# Requirement
All of the data that follows is to be written out exactly, with images excluded.

# Data segment
BEGIN
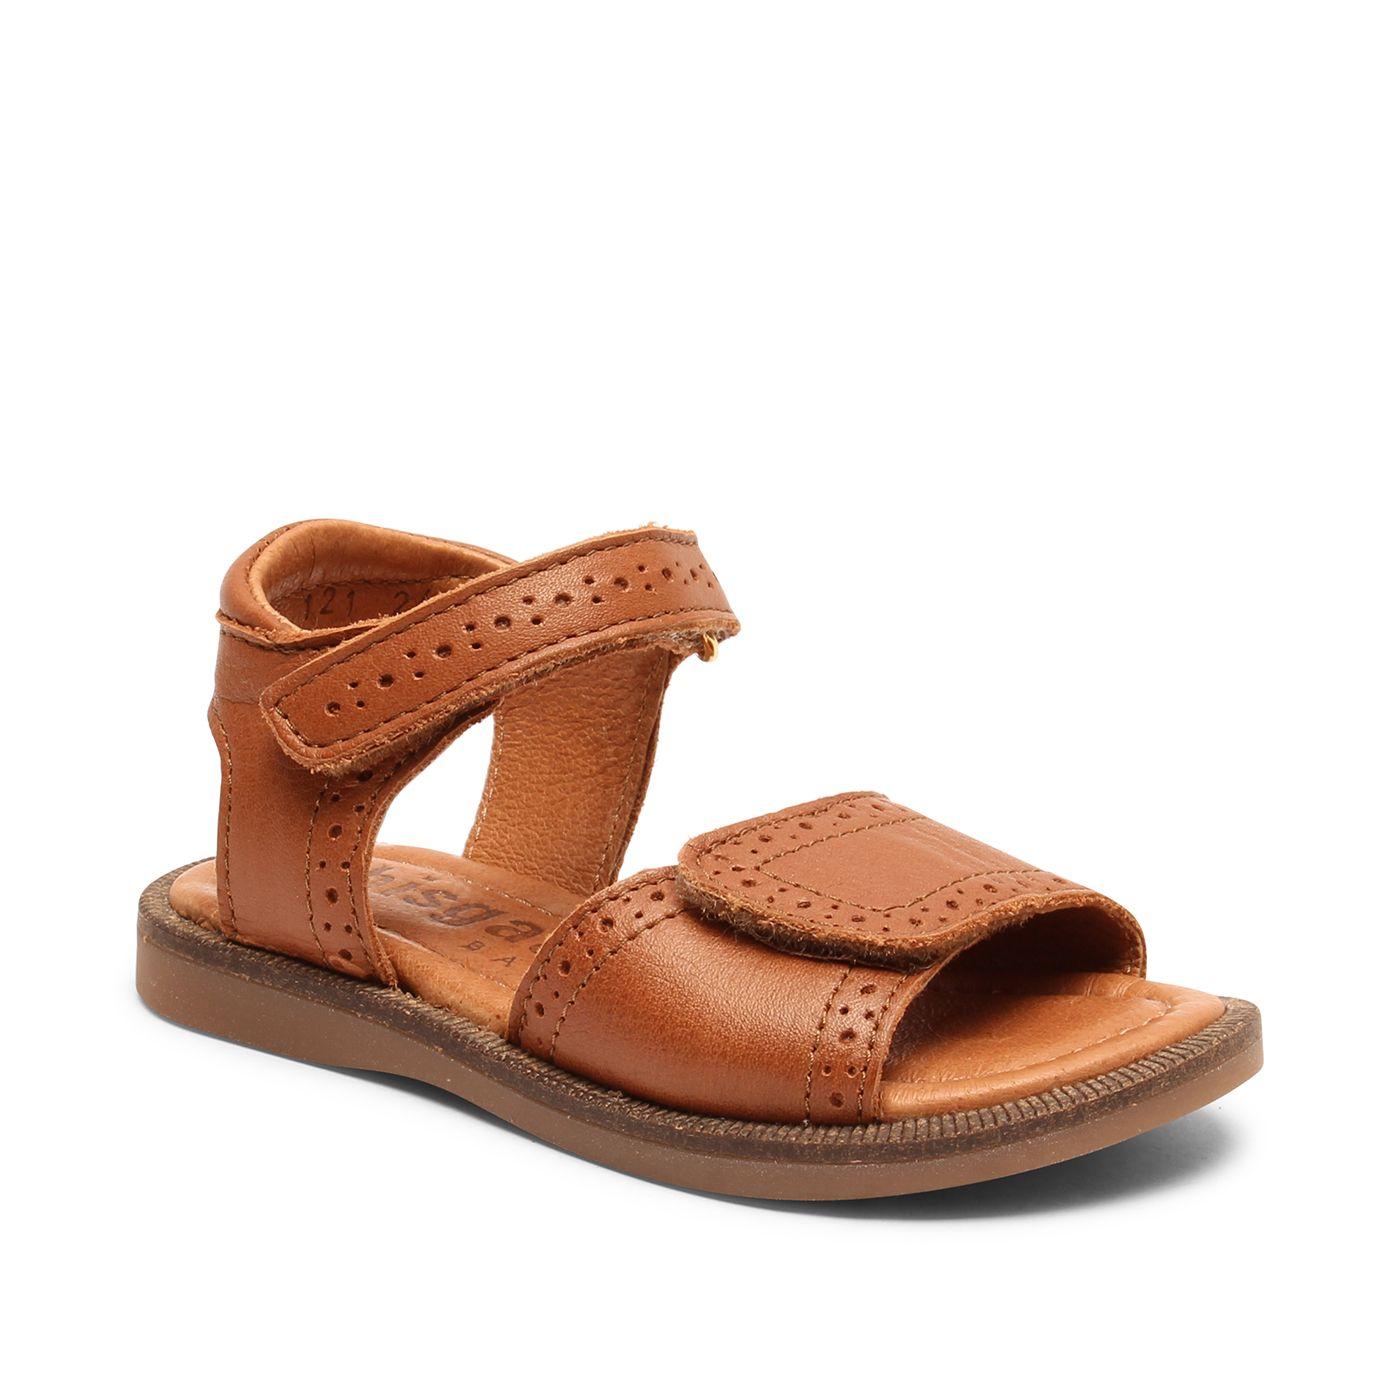 Bisgaard dívčí kožené sandály 70706 - 1332
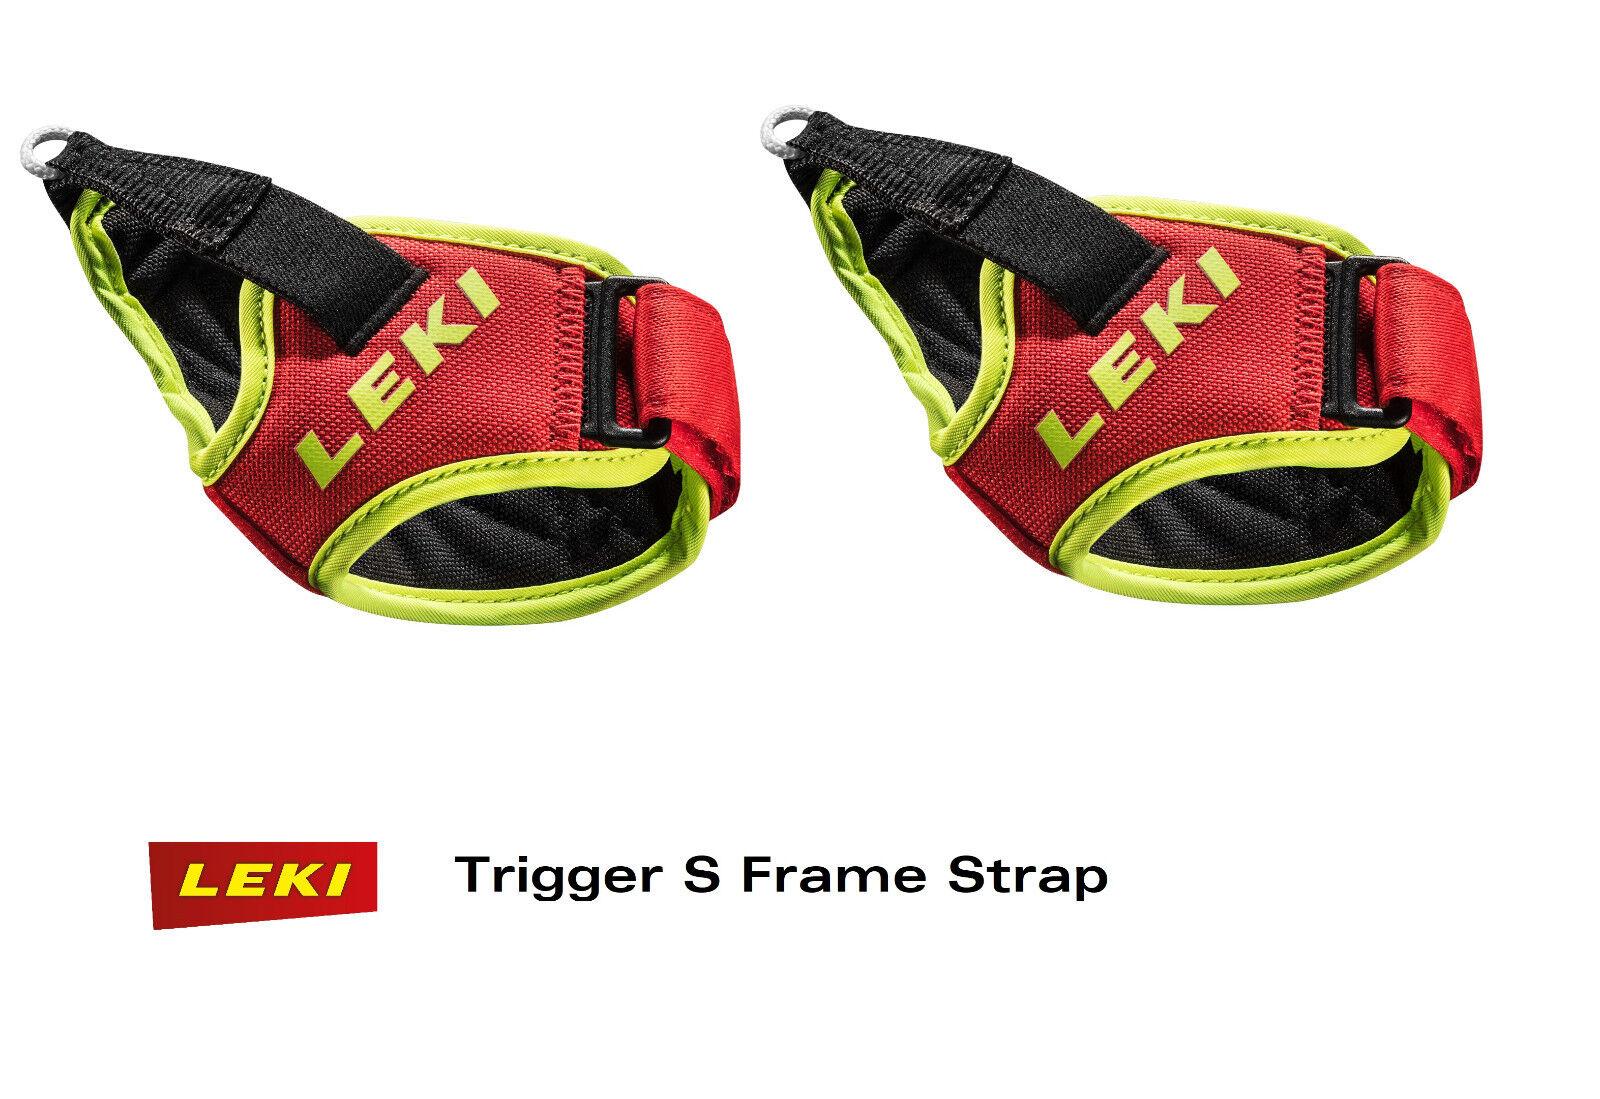 Leki frame Strap trabillas para Alpin ski palos disparador disparador disparador S - 1 par-racing rojo f88a04
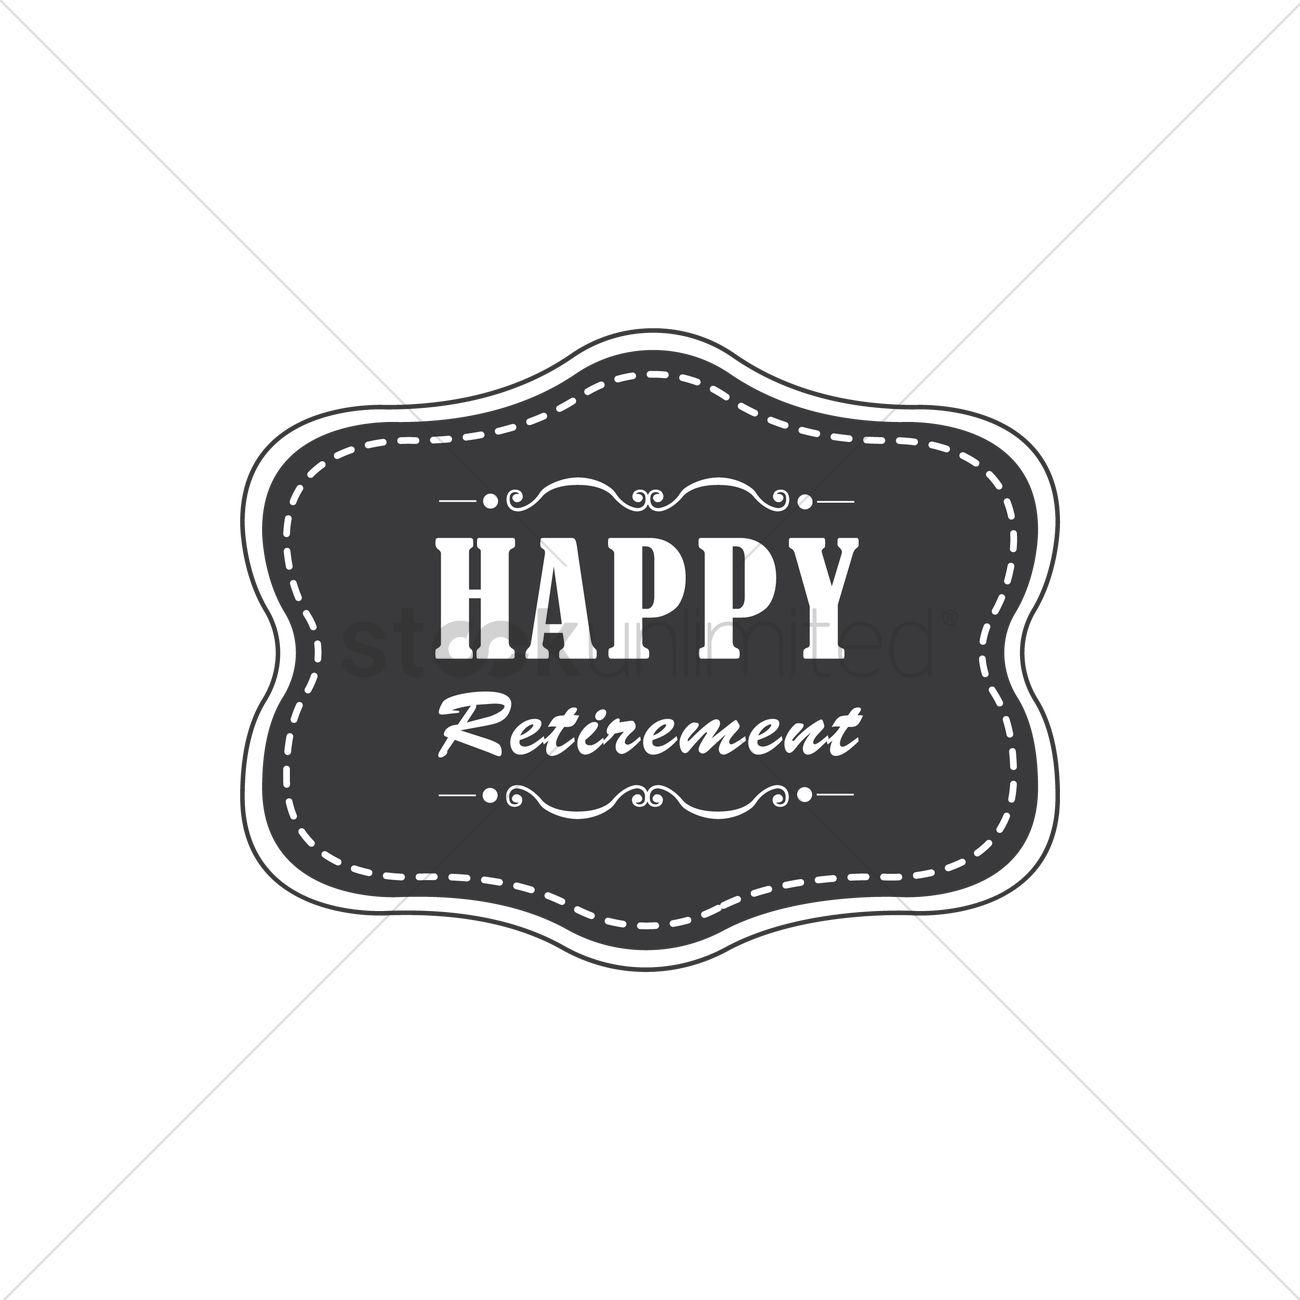 happy retirement label vector image 1791444 stockunlimited clipart retirement humorous clip art retirement borders
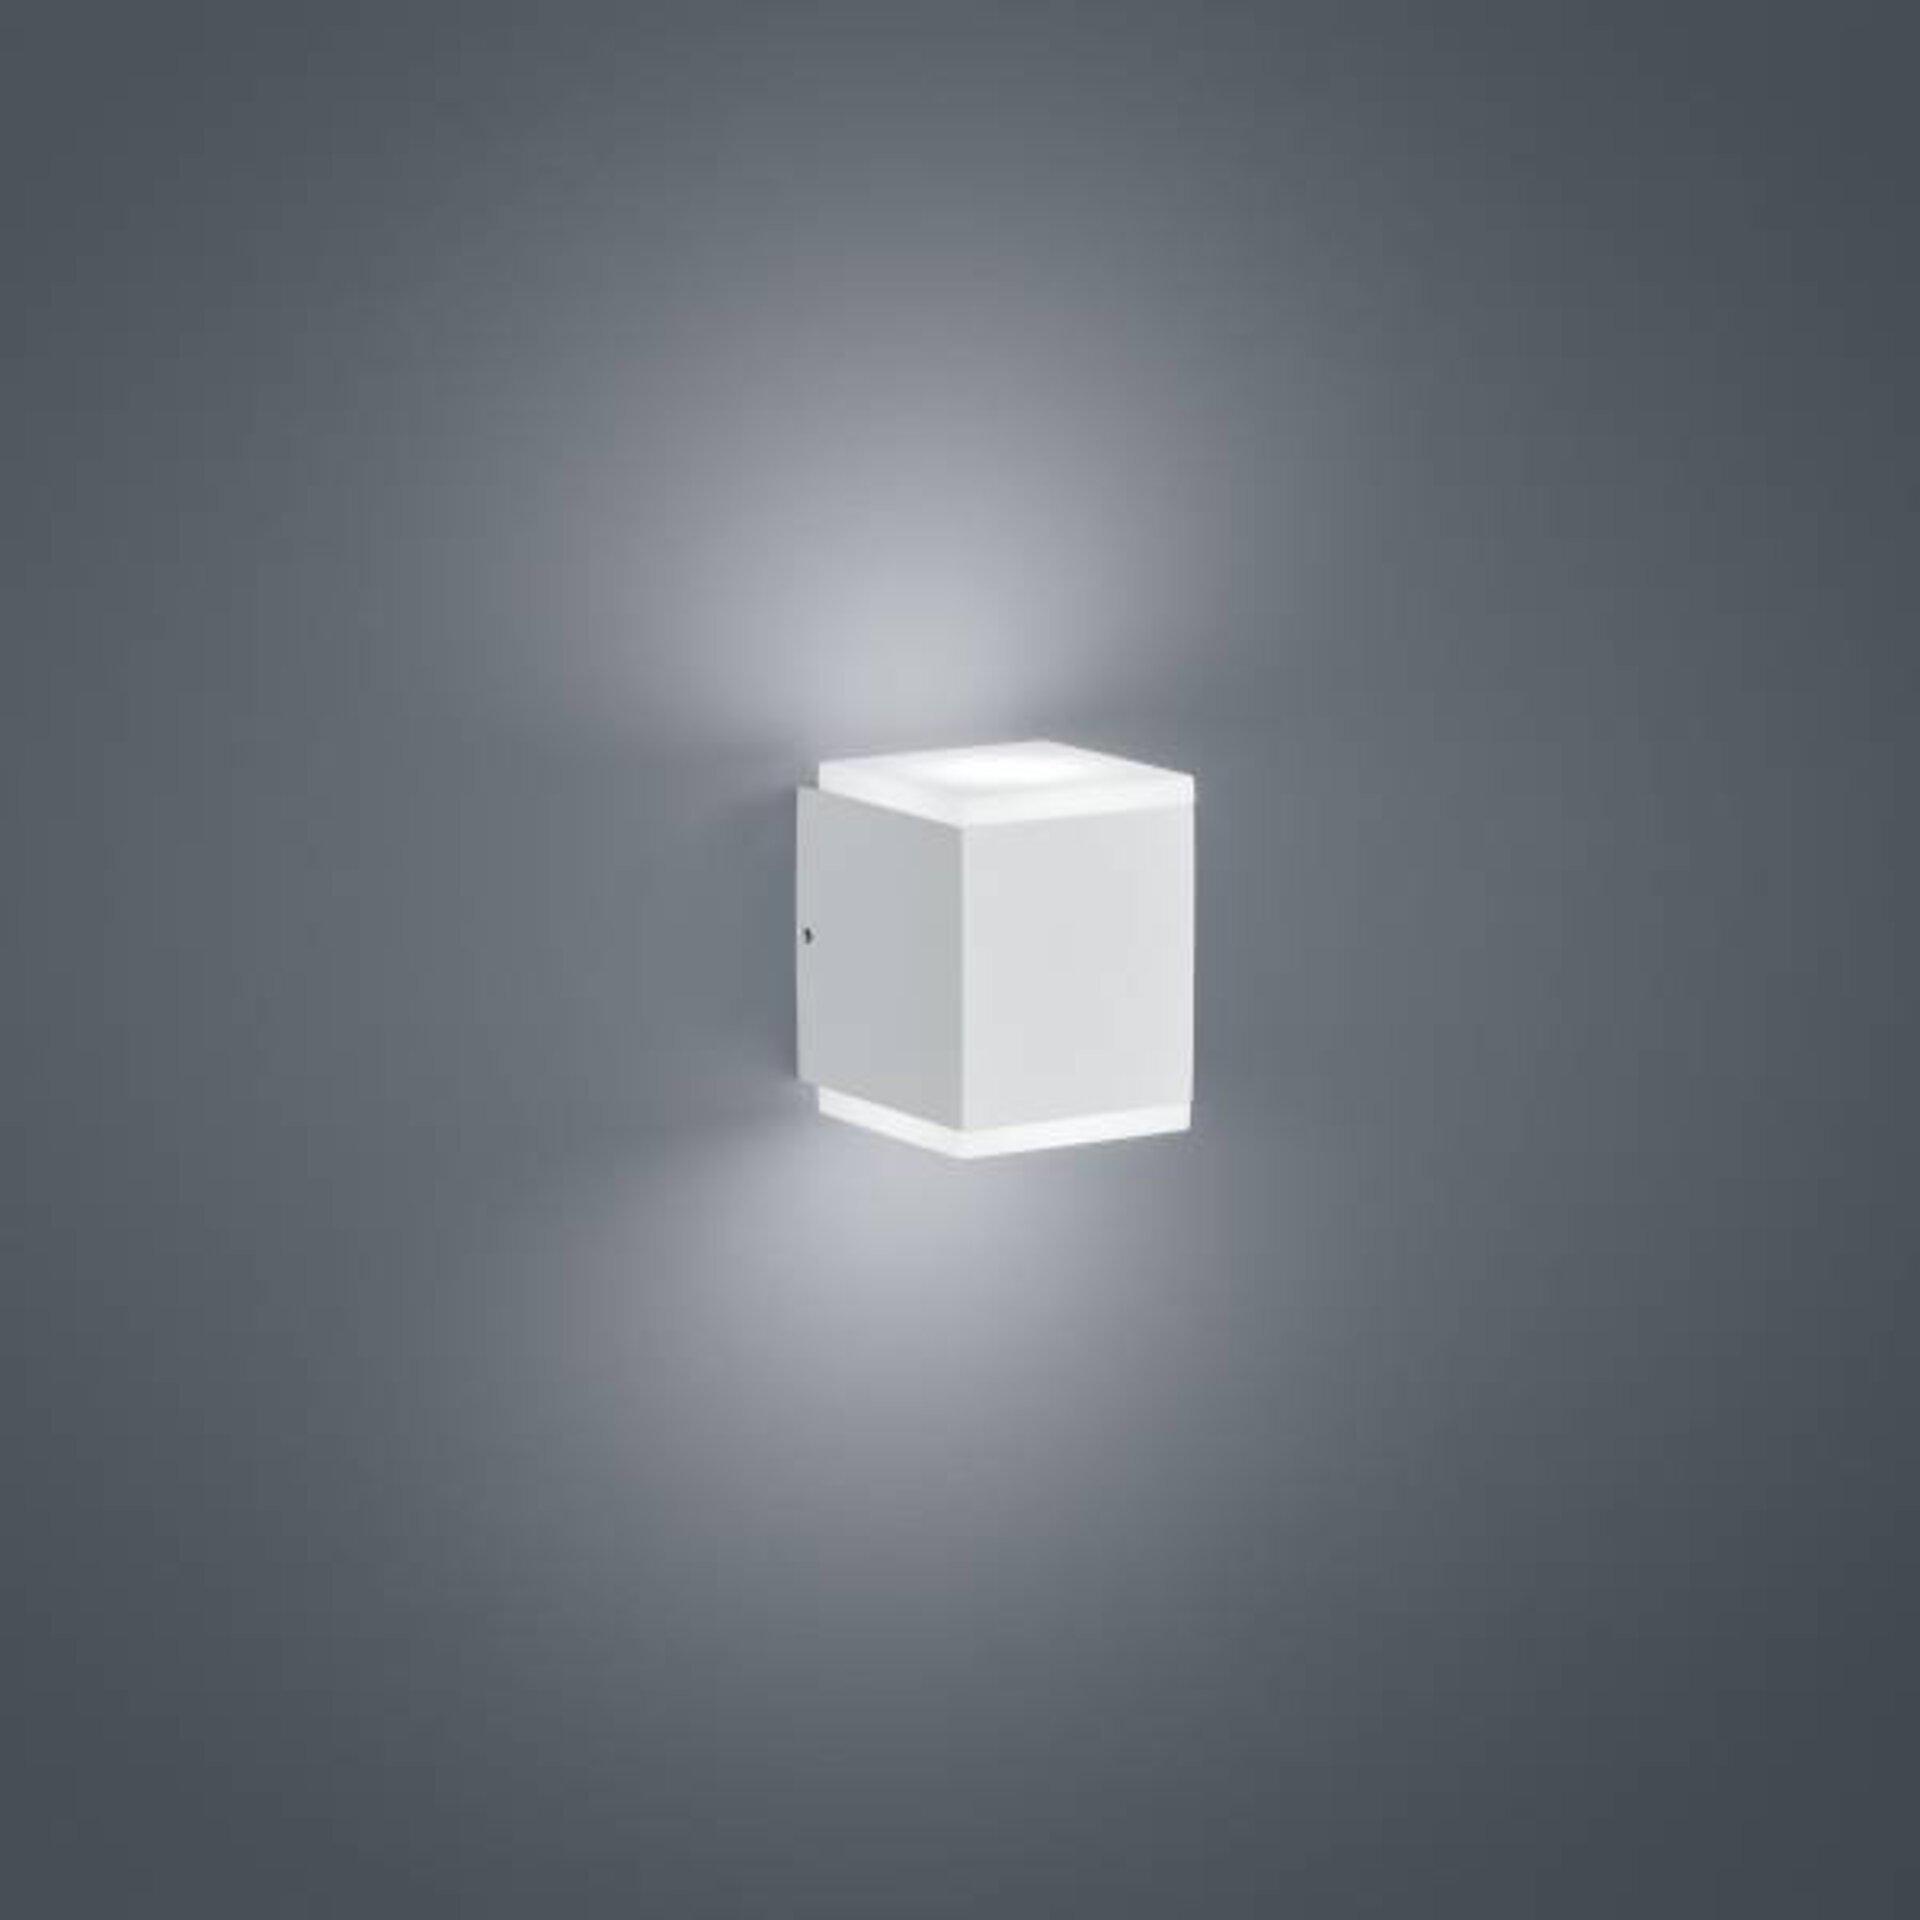 Wand-Aussenleuchte KIBO Helestra Leuchten Metall 8 x 11 x 9 cm
END
# Exercise answer
 Bisgaard dívčí kožené sandály 70706 - 1332
 Leki frame Strap trabillas para Alpin ski palos disparador disparador disparador S - 1 par-racing rojo f88a04
 happy retirement label vector image 1791444 stockunlimited clipart retirement humorous clip art retirement borders
 Wand-Aussenleuchte KIBO Helestra Leuchten Metall 8 x 11 x 9 cm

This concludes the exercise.